RAW DATA below:

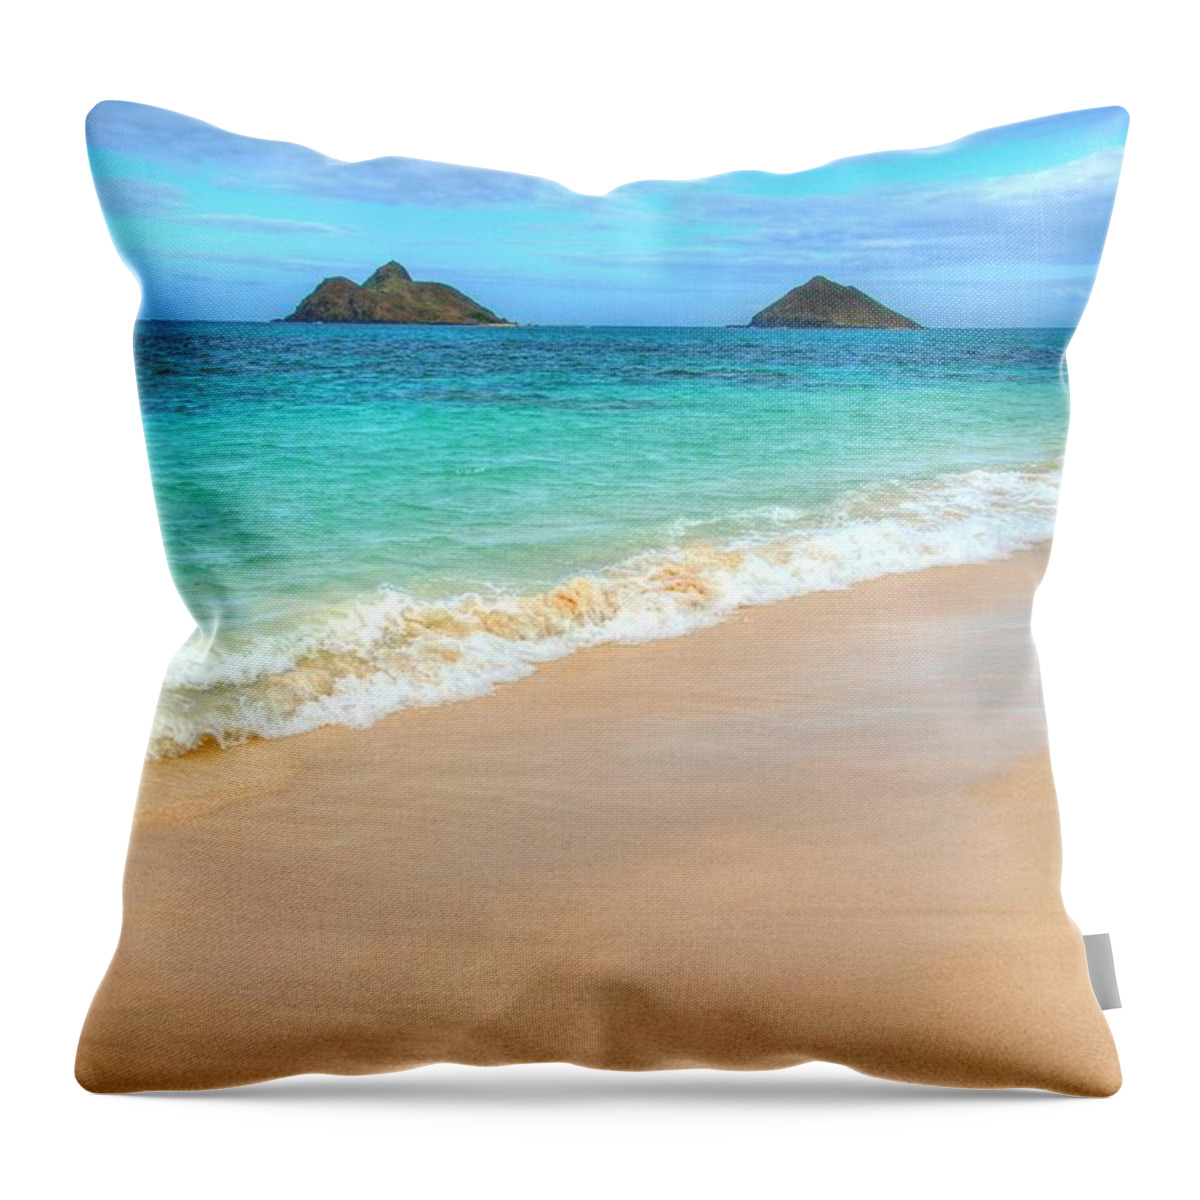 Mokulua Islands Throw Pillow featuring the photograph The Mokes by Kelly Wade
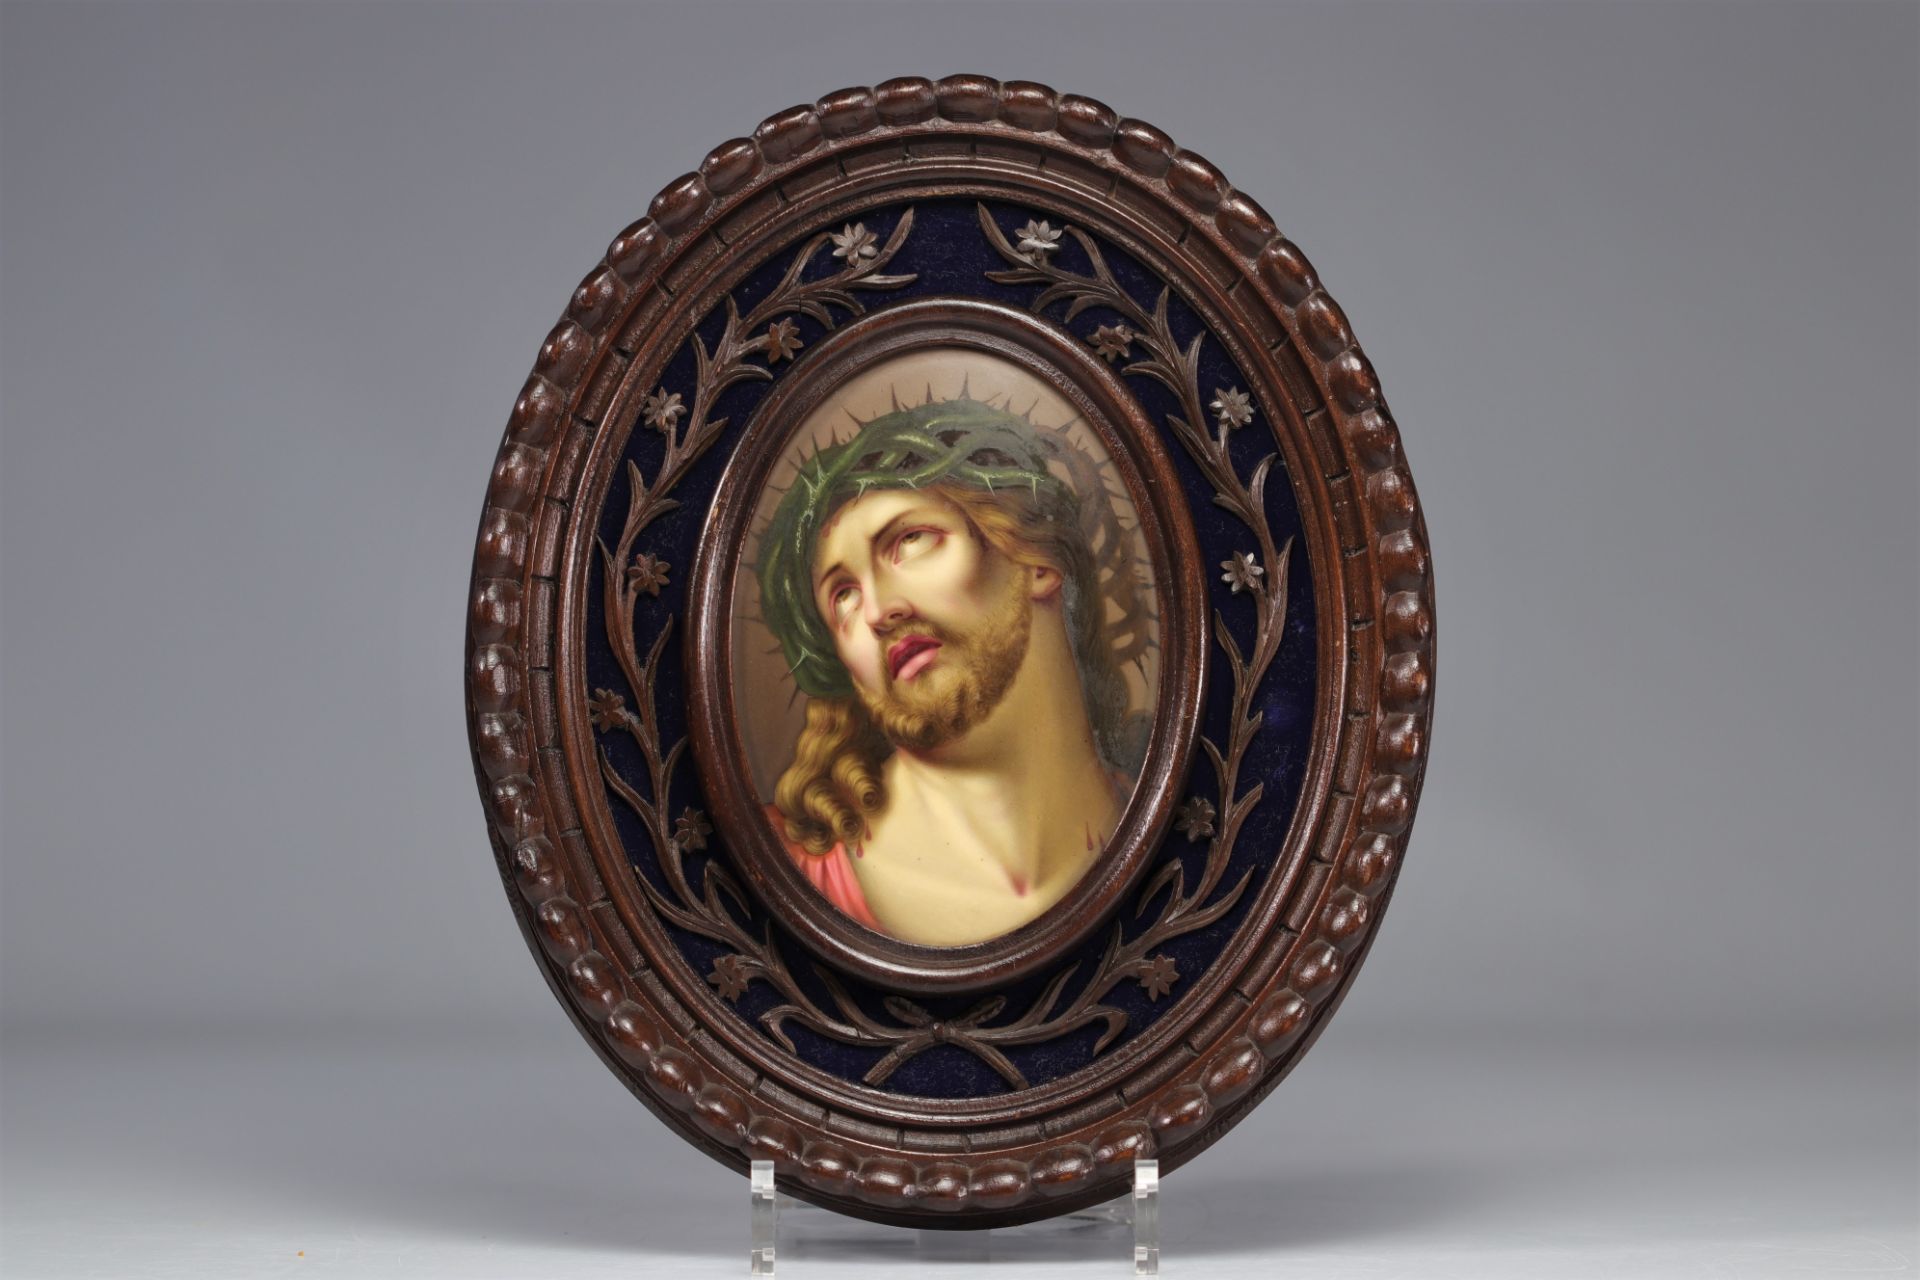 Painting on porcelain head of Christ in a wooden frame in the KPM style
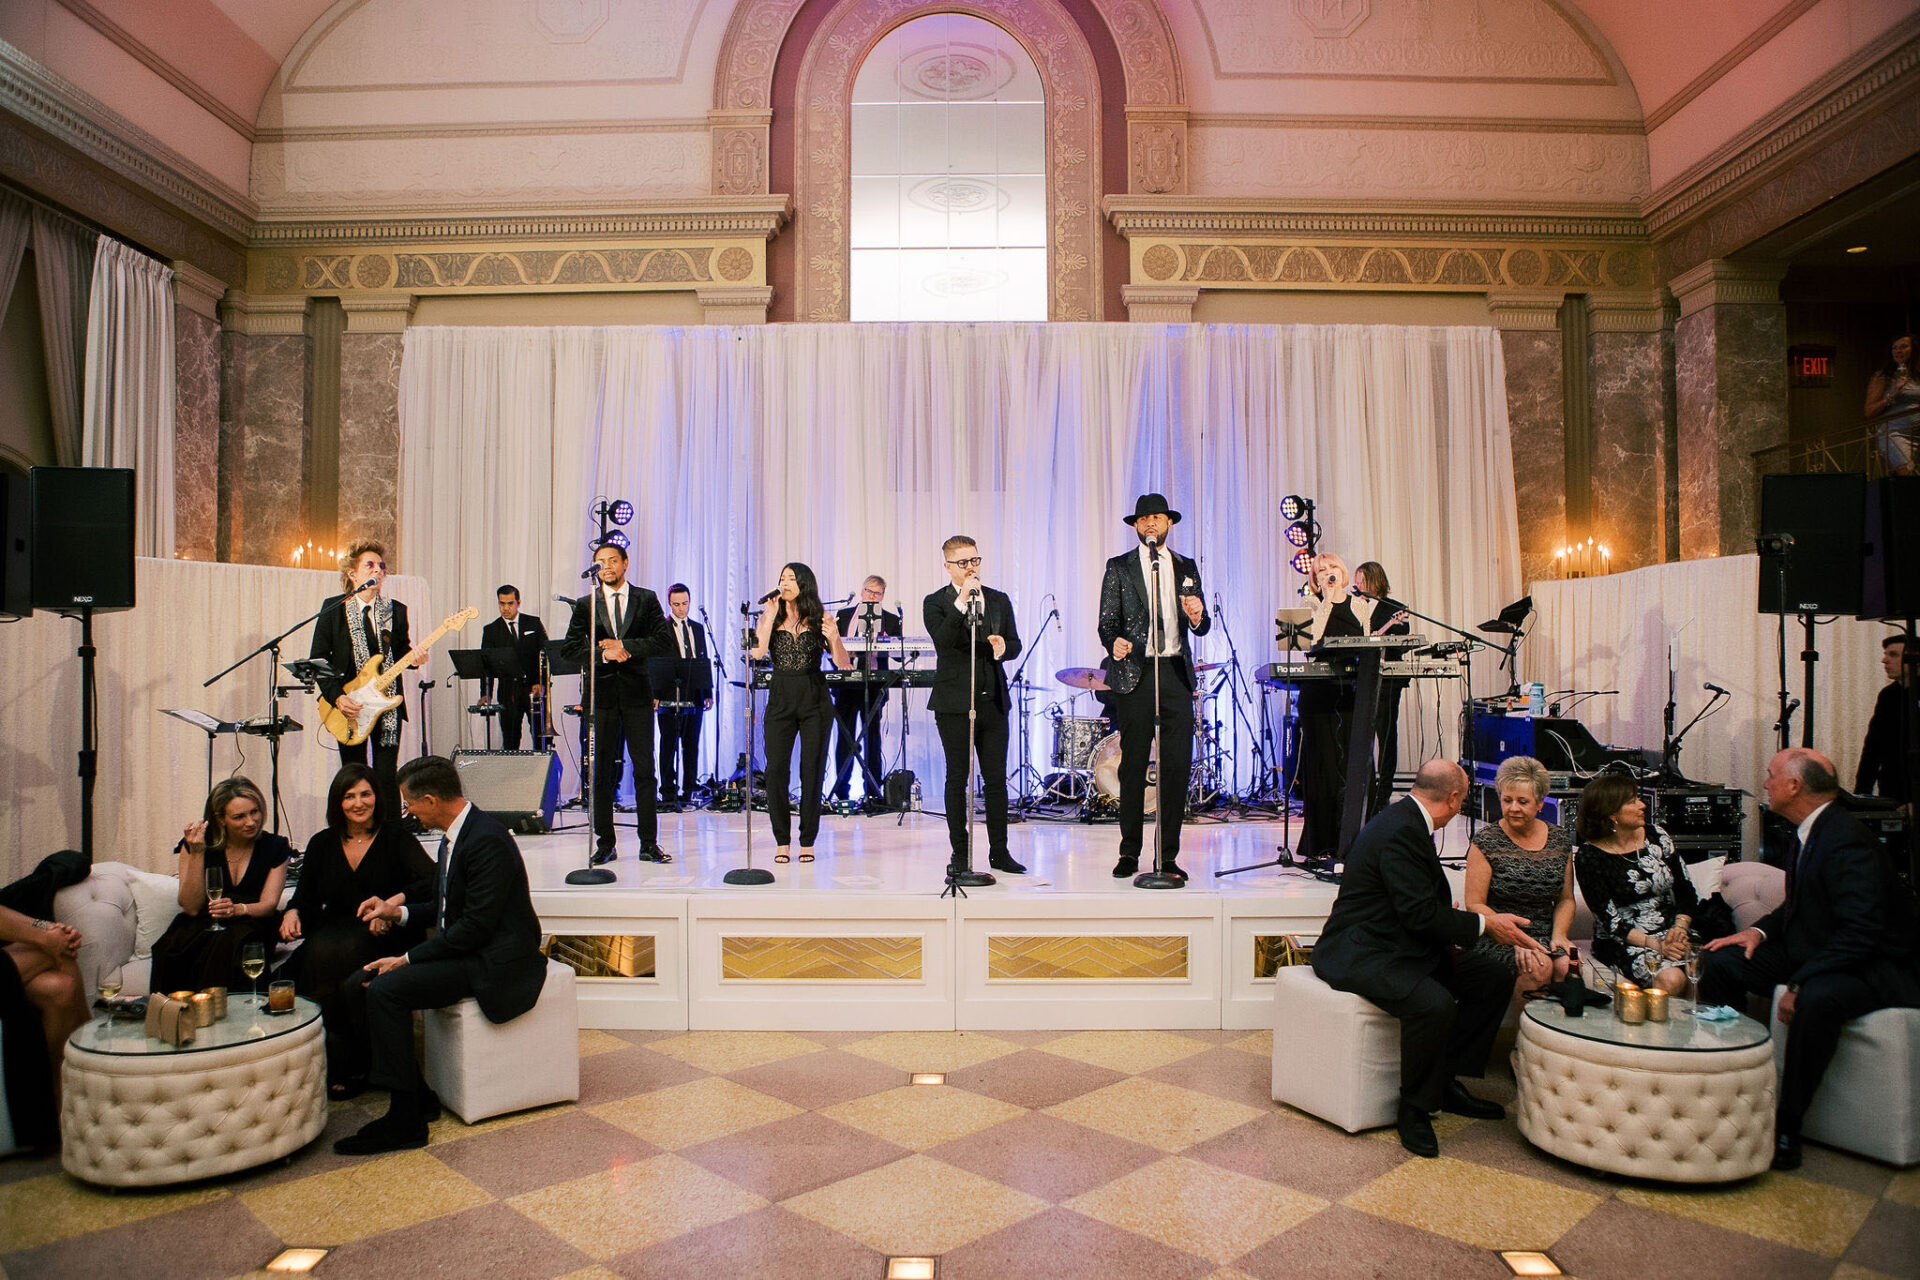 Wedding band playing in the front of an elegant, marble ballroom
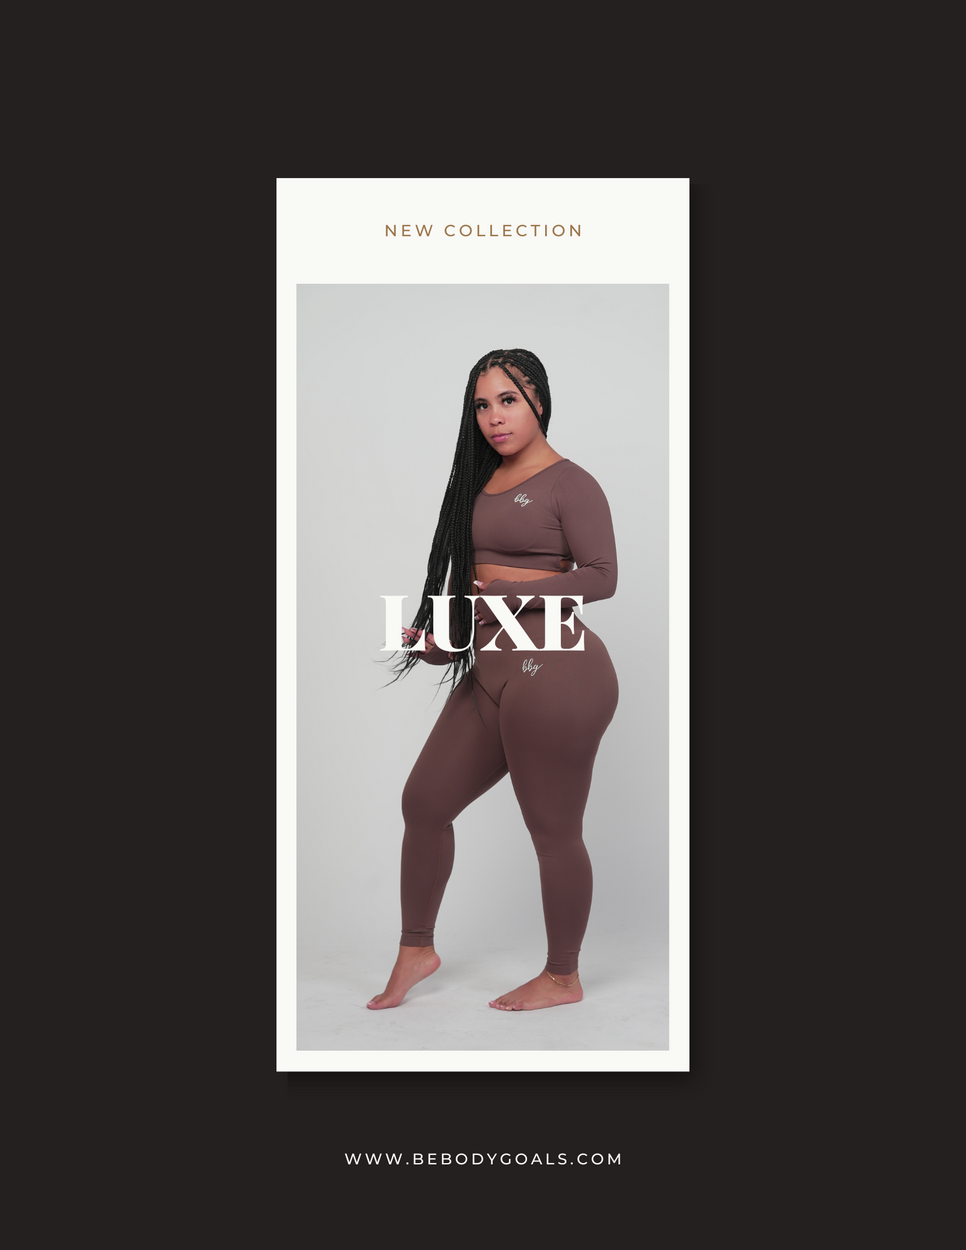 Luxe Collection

End of RAW DATA.

The material is to be written out word for word, and the pictures are to be left out.

 Mokulua Islands Throw Pillow featuring the photograph The Mokes by Kelly Wade
 Painting on porcelain head of Christ in a wooden frame in the KPM style
 Wedding band playing in the front of an elegant, marble ballroom
 Luxe Collection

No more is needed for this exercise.